MANAMA, Bahrain -- Iranian spiritual leader Ayatollah Ruhollah Khomeini Tuesday ordered the killing of the author of 'Satanic Verses,' a novel that sparked riots in India and Pakistan by Moslems who consider the book blasphemous.
Khomeini said Salman Rushdie, the Indian-born author of the book, 'and all those involved in its publication who (were) aware of its content, are sentenced to death,' Iran's Islamic Republic News Agency reported.
'I request brave Moslems to quickly kill them wherever they find them so that no one ever again would dare to insult the sanctities of Moslems,' Khomeini said in a statement addressed to Moslems around the world.
'Anyone killed while trying to execute Rushdie would, God willing, be a martyr,' Khomeini said. 'In addition, anyone who has access to the author of the book but does not have the strength to execute him should introduce him to the people so that he receives punishment for his actions.'
Rushdie, in interviews in London Tuesday, denied the novel was blasphemous and accused his critics of conducting a campaign of 'smears and vilifications' without even having read the book.
'Satanic Verses,' a contender for Britain's highest literary award, the Booker Prize, portrays the founder of a fictional religion that Moslems consider an insulting parody of the prophet Mohammad, the founder of Islam.
Outrage over the book spurred hundreds of Moslems to attack the U.S. cultural center in the Pakistani capital of Islamabad Sunday. Police opened fire, killing five people and leaving at least 60 wounded.
The protests spread Monday to a second Pakistani city and into India, where one protester was killed and 120 others wounded.
Rushdie, interviewed Tuesday by CBS television's 'This Morning' program, was asked to describe his reaction to Khomeini's call for his death.
'Obviously, on a personal level, it's very worrying,' he said, 'but I think beyond that it shows this is the latest stage in a campaign that began with smears and vilifications and distortions of the book that has escalated to all sorts of levels of violence. And frankly, I wish I had written a more critical book.

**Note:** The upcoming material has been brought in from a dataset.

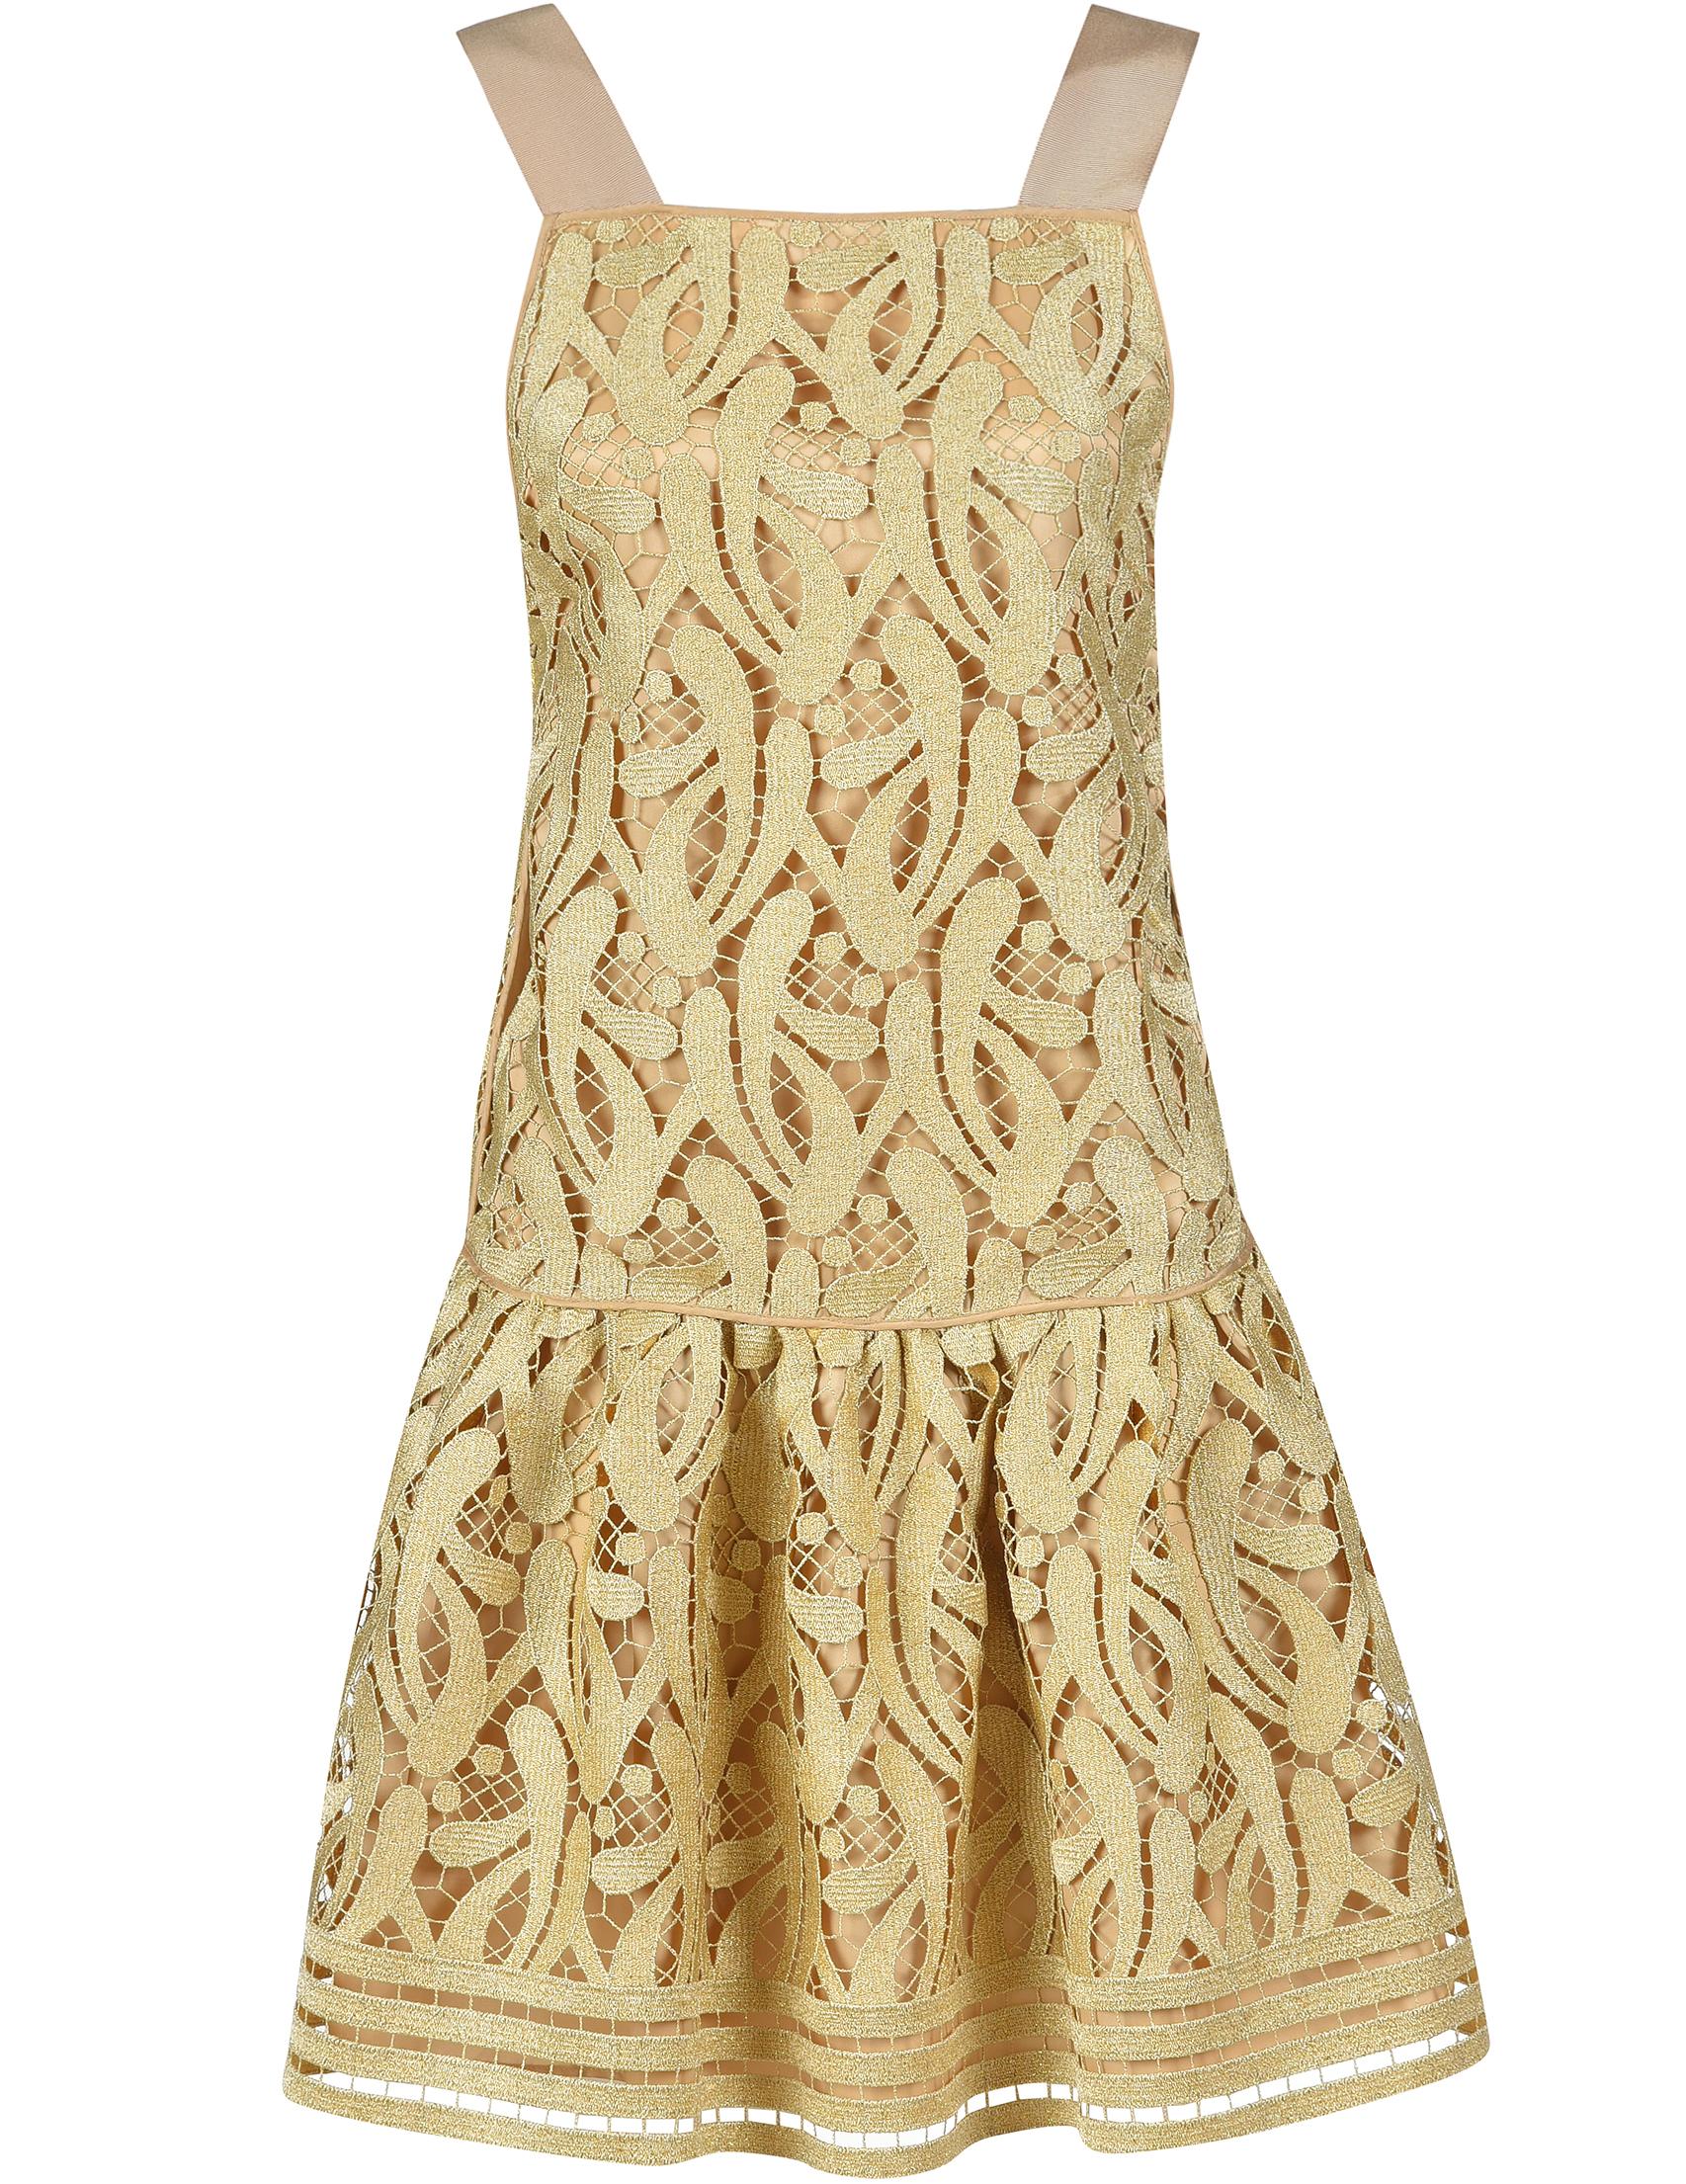 Купить Платье, N°21, Золотой, 100%Вискоза;75%Полиэстер 25%Металлическое волокно, Весна-Лето

'I mean, a religion that claims it is able to behave like this, religious leaders that say they are able to behave like this, and then say that this is a religion that must be above any kind of whisper of criticism, well, it seems to me Islamic fundamentalists could do with a little criticism right now,' he said.
Rushdie said he could understand some aspects of Moslem displeasure with the book but said, 'The sad thing is, of course, that the book isn't really about Islam.
'There is one section of the book, two dream sequences in the book, in which what I've tried to do is to write about the birth of a religion that obviously is like Islam but is a fictional departure from Islam. ... Now, my views don't have to be the same as the views of a fictional character -- and the fictional character is actually losing his mind. He's going insane. He's a paranoid schizophrenic.
'Now, when you've gone to that length to write fiction,' he said, 'it's very odd to have it judged as if you were writing some sort of thinly veiled attack. That was never my intention.
'Most of the people attacking the book haven't read it.'
In an interview with the British Broadcasting Corp.'s Radio 4, Rushdie said: 'It is not true that this book is a blaspheme against Islam. I doubt very much that Khomeini or anyone else in Iran had read the book or more than selected extracts out of context. And obviously it is horrifying that people are willing to proceed in this way against after all what is just one novel in the face of the entire history of Islam.'
State-run Tehran Radio said the government declared Wednesday a day of mourning to protest the publication of the book in the United States.
The radio, monitored in Athens, Greece, said publication of the book in the United States, was 'another conspiracy of the Great Satan,' a phrase Khomeini coined after the 1979 Iranian revolution to describe the United States.
In Baghdad, the main Iranian opposition group Mujahideen e-Khalq said Khomeini's order was tantamount to exporting terrorism.
'Khomeini's decree is an explicit admission to and open support for terrorism throughout the world,' a spokesman for the Mujahideen told United Press International in a telephone interview from Baghdad.
'It's just another pretext Khomeini is using to break out of the fatal deadlock he faces on the domestic scene,' the spokesman said.